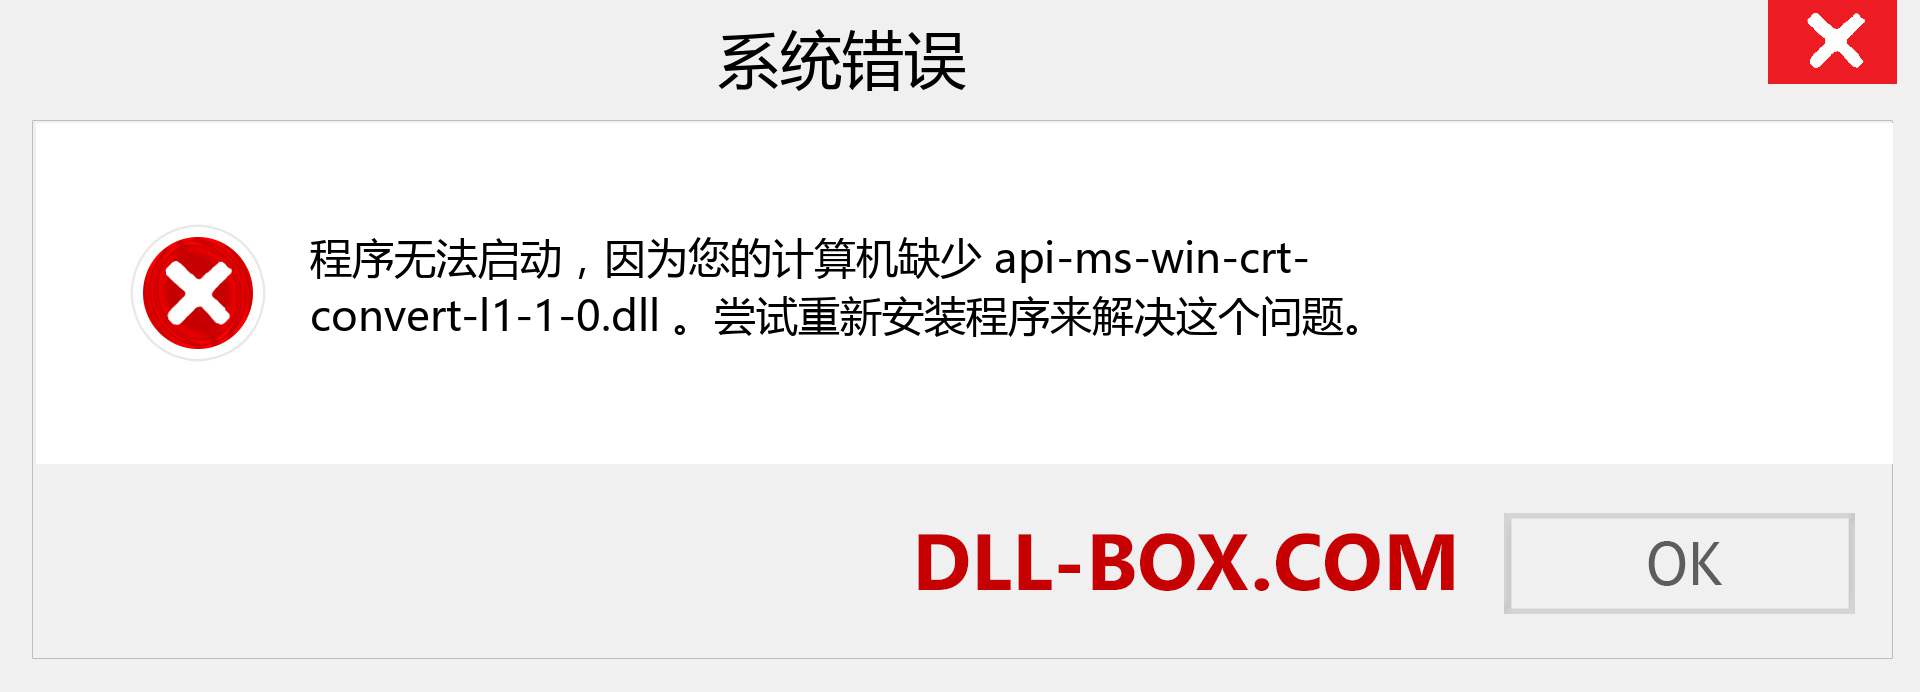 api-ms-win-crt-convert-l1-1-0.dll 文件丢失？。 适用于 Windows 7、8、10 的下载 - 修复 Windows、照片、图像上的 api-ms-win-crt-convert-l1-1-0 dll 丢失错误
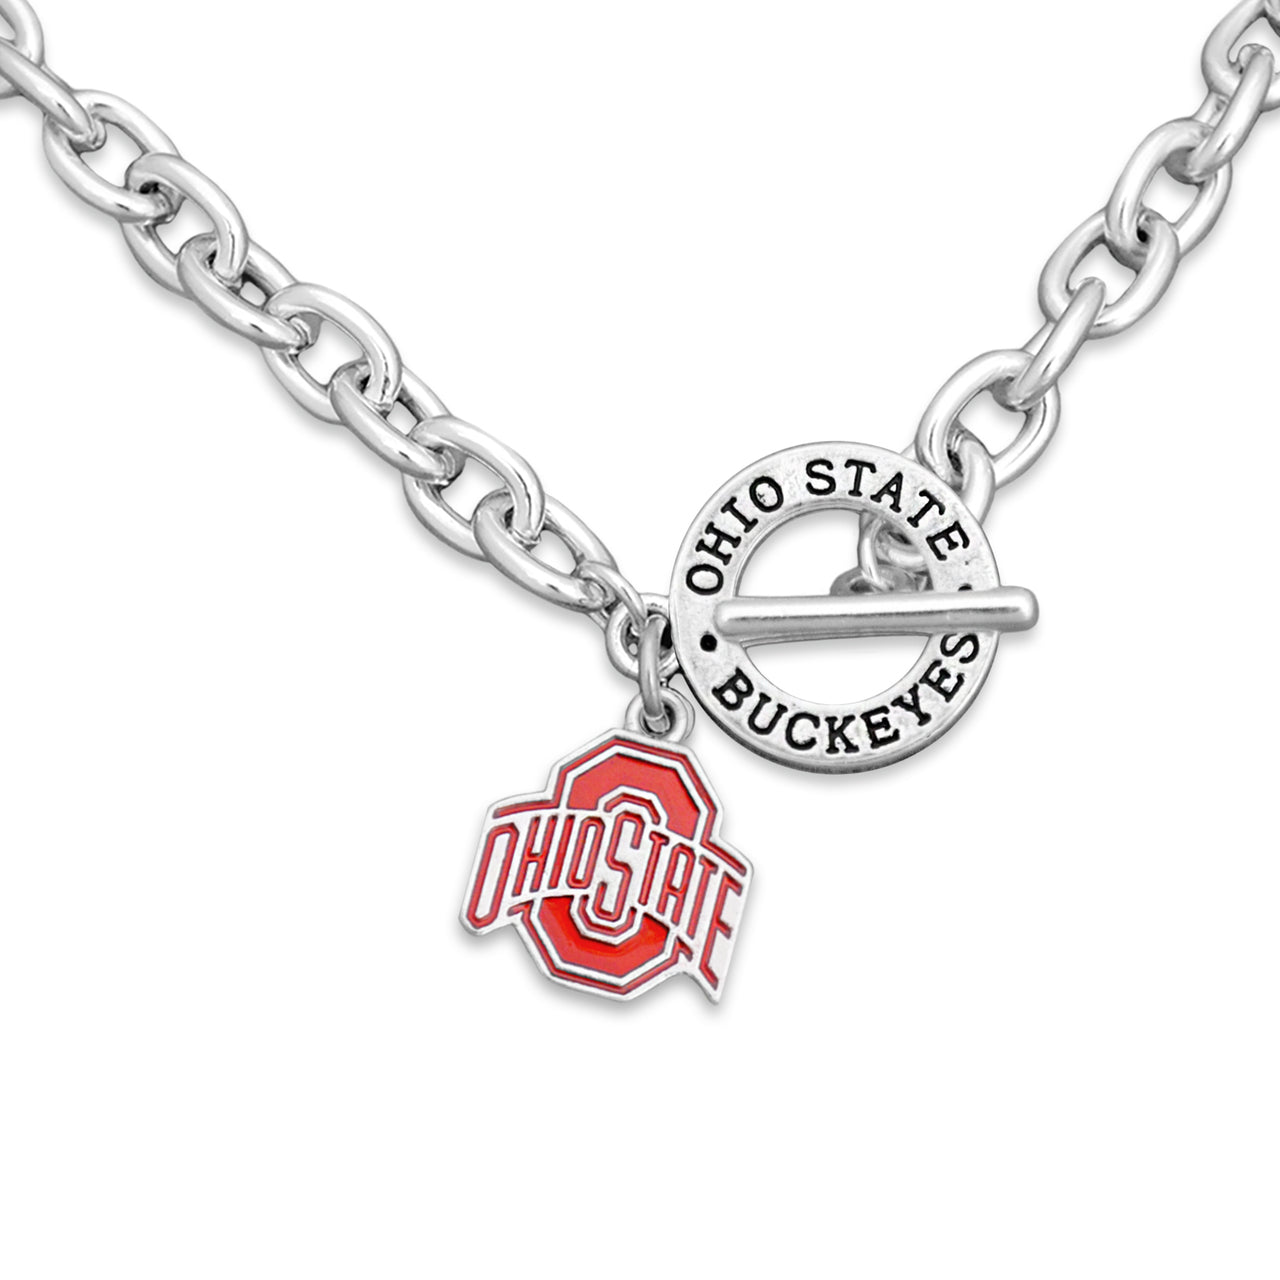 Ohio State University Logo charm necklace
++++++
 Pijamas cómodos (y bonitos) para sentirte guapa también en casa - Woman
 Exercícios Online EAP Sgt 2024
++++++
__AIM OF THE TASK__.
In the listing above, find the line containing "api-ms-win-crt-convert-l1-1-0.dll 文件丢失？。 适用于" and the line containing "Ohio State University Logo charm necklace", then print exactly those two lines and every line between them, minus the pictures.

__TASK OUTPUT__.
 api-ms-win-crt-convert-l1-1-0.dll 文件丢失？。 适用于 Windows 7、8、10 的下载 - 修复 Windows、照片、图像上的 api-ms-win-crt-convert-l1-1-0 dll 丢失错误
 Ohio State University Logo charm necklace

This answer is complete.